Published online Jul 16, 2015. doi: 10.12998/wjcc.v3.i7.635
Peer-review started: July 18, 2014
First decision: August 28, 2014
Revised: March 9, 2015
Accepted: April 10, 2015
Article in press: April 14, 2015
Published online: July 16, 2015
Processing time: 375 Days and 3.9 Hours
Intra-partum foetal death has been variously defined. However, a definition adopted at a technical consultation in 2006 is employed in this review. The quality of intra-partum care is a crucial factor for pregnancy outcome for both mothers and new-borns. Intra-partum stillbirth is defined as late foetal death during labour, which clinically presents as fresh stillbirth. The largest proportion of the world’s stillbirths occurs in the late preterm, term and intra-partum periods. The Western Pacific region has the greatest reduction in stillbirth with a 3.8% annual decline between 1995 and 2009; however, the annual decline in the African region is less than 1%. Caesarean delivery is still uncommon, especially in rural areas: 1% of births in rural Sub-Saharan Africa and 5% in rural South Asia are by caesarean delivery; 62% of stillbirths occurred during the intra-partum period; 61.4% of stillbirths are attributable to obstetrical complications. Preventive measures aimed at reducing the incidence of intra-partum foetal death entail all measures aimed at improving quality antenatal care and preventing intra-partum asphyxia. This review discusses intra-partum foetal deaths from a Sub-Saharan African perspective. It explores the contribution of research within the region to identifying its impact on new-born health and potential cost-effective policy interventions.
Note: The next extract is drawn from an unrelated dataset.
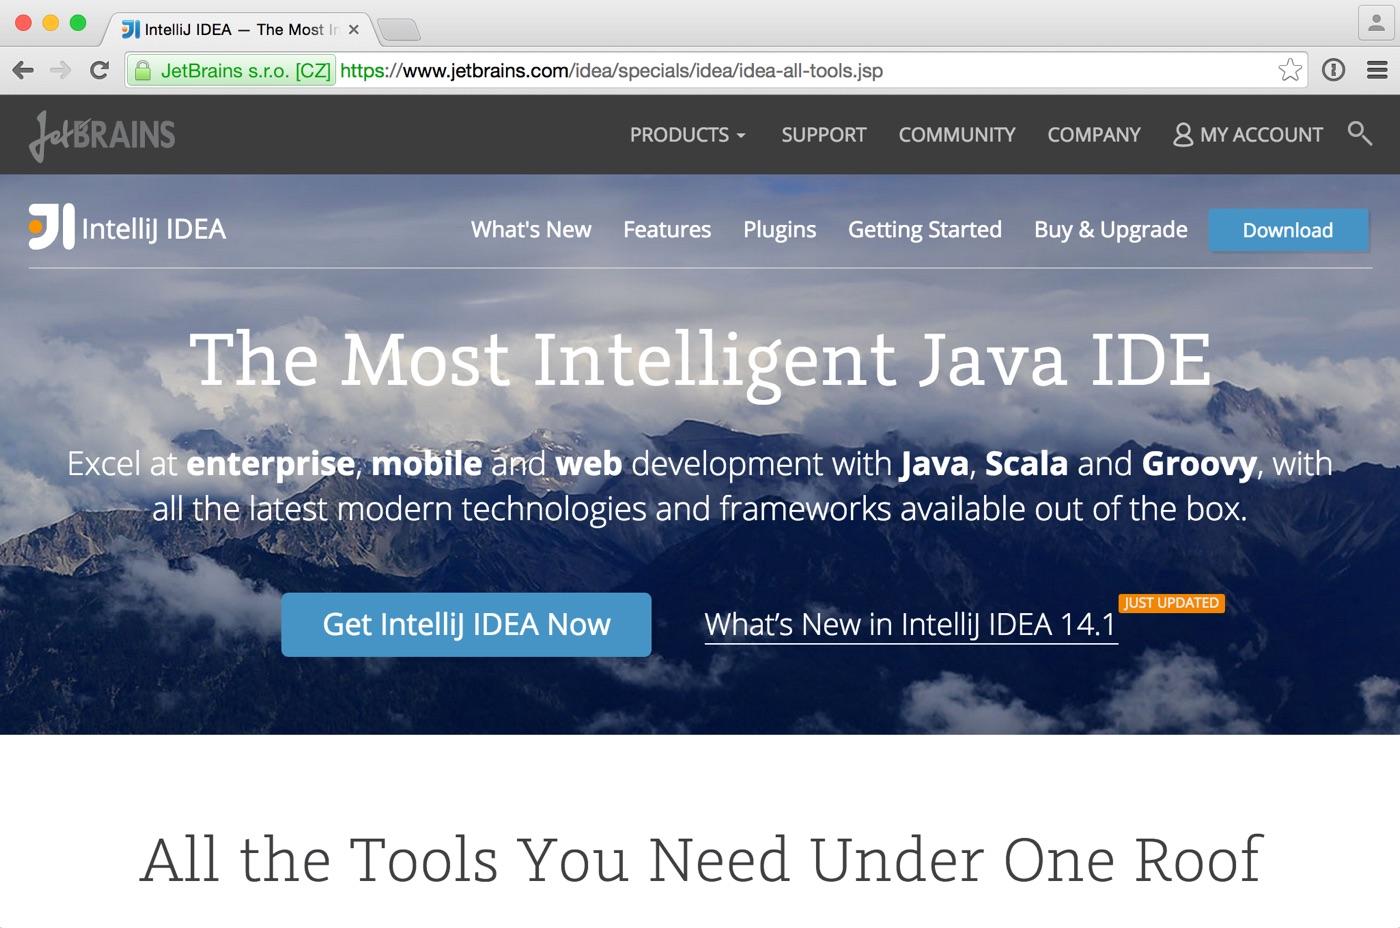 intellij-idea-database-tools

Core tip: Intra-partum foetal death includes intra-uterine deaths that occur within 12 h of delivery of a new-born weighing more than 1000 g, or that had more than 28 wk of gestation, but could not be resuscitated. Sub-Saharan Africa has the lowest recorded decline of intra-partum foetal deaths; however, this region recorded a doubling of her annual rate of reduction to 3.1% during 2000-2011, from 1.5% during 1990-2000. Impacts of research within the region towards improved new-born health and cost-effective policy interventions are examined.